Task requirements: What must be handed in is the entire listing, exactly as written, with no pictures.

Available data:
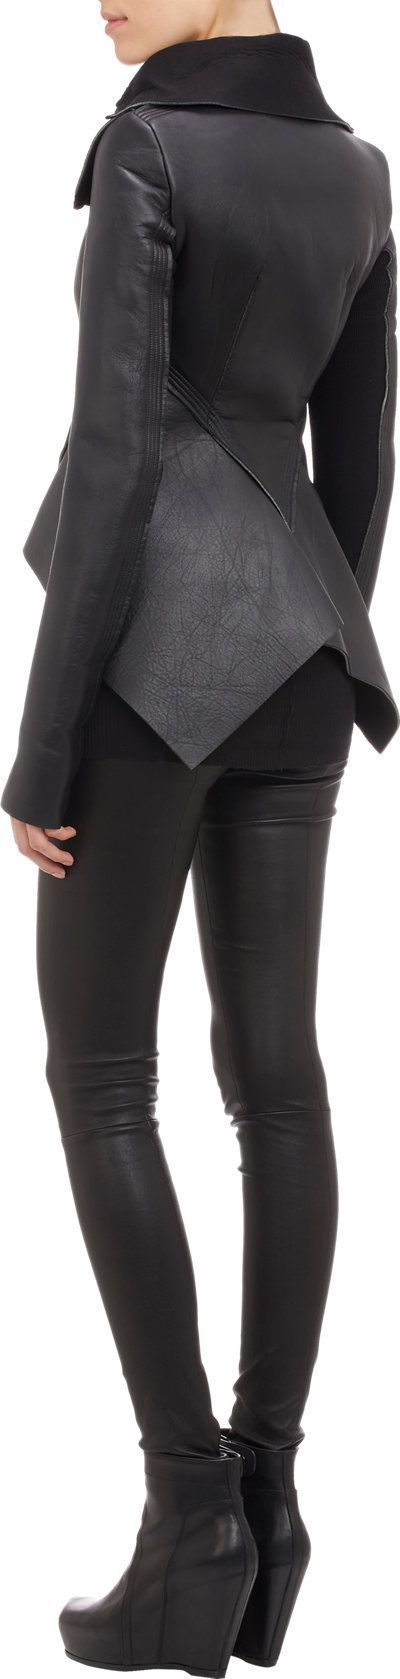 Visions of the Future: Rick Owens Leather & Neoprene Peplum Jacket at Barneys.com:
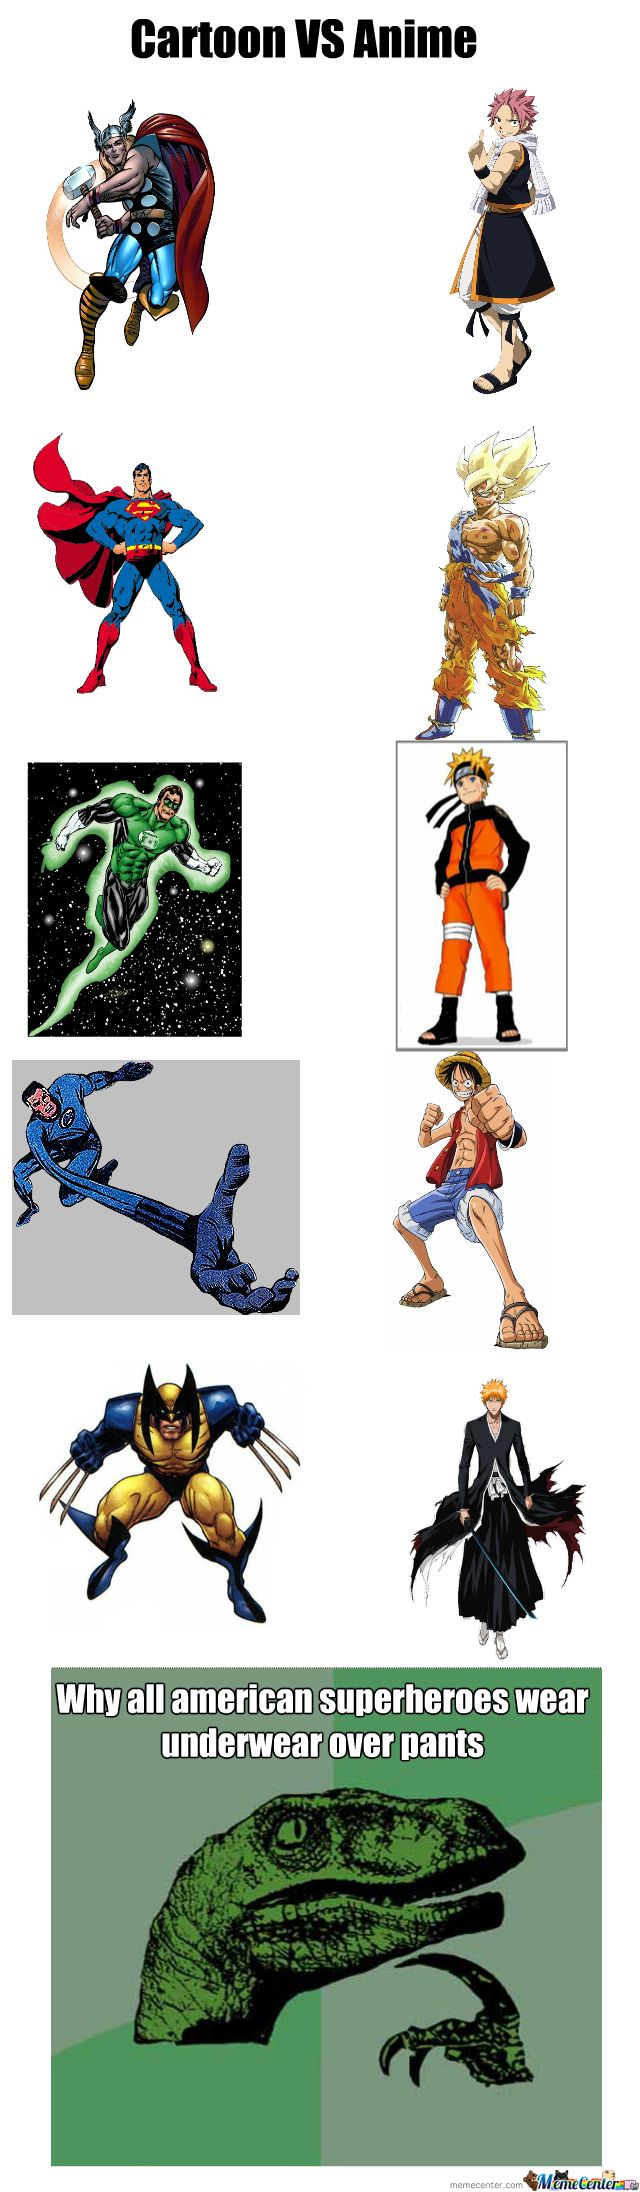 cartoon vs anime - Google Search
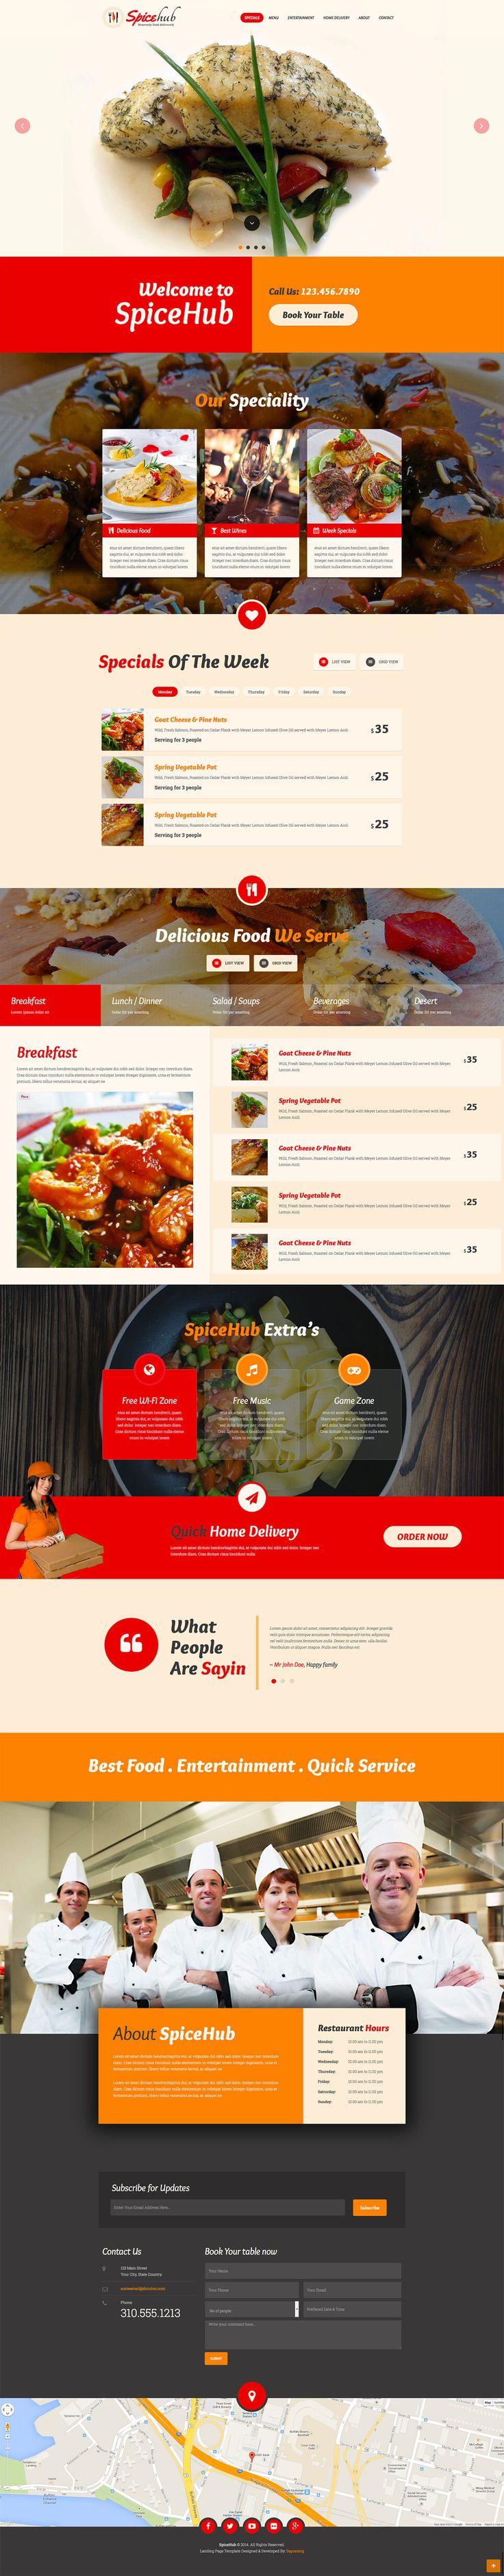 SpiceHub Restaurant Responsive Landing Page by Saptarang #webdesign
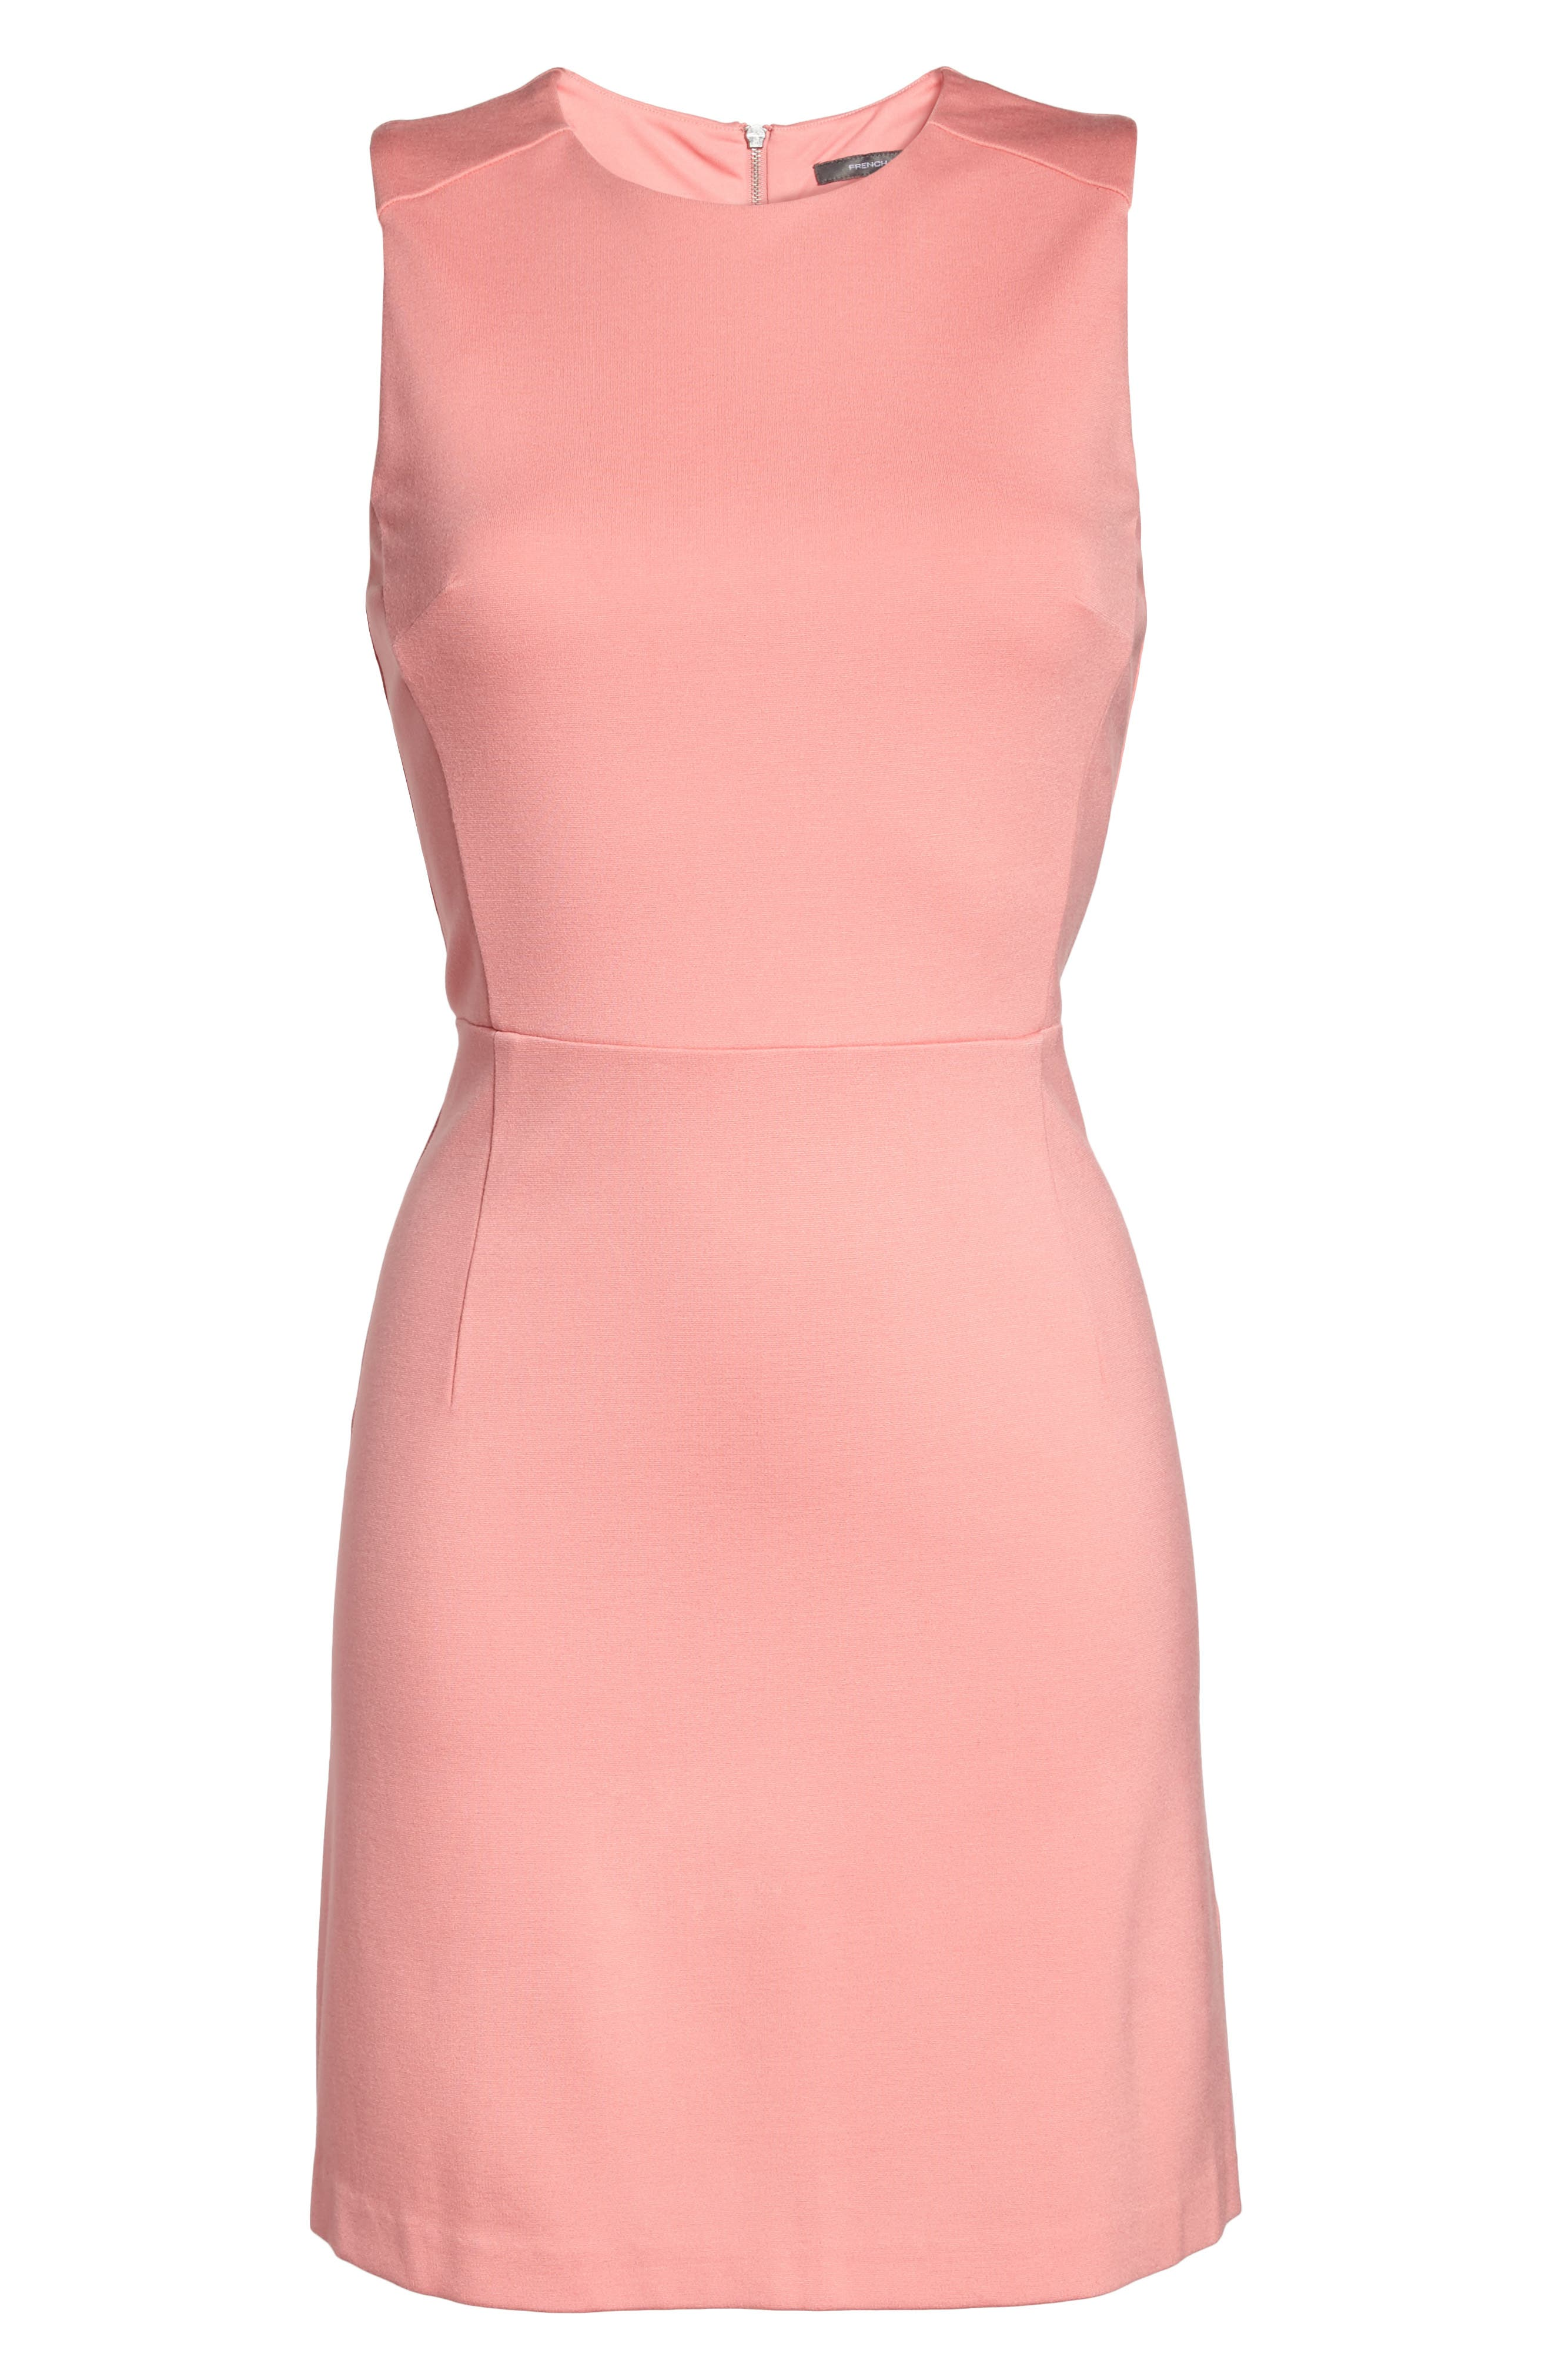 Lula Sheath Dress,                             Alternate thumbnail 6, color,                             663

Solution to this exercise:
 Visions of the Future: Rick Owens Leather & Neoprene Peplum Jacket at Barneys.com:
 cartoon vs anime - Google Search
 SpiceHub Restaurant Responsive Landing Page by Saptarang #webdesign
 Lula Sheath Dress,                             Alternate thumbnail 6, color,                             663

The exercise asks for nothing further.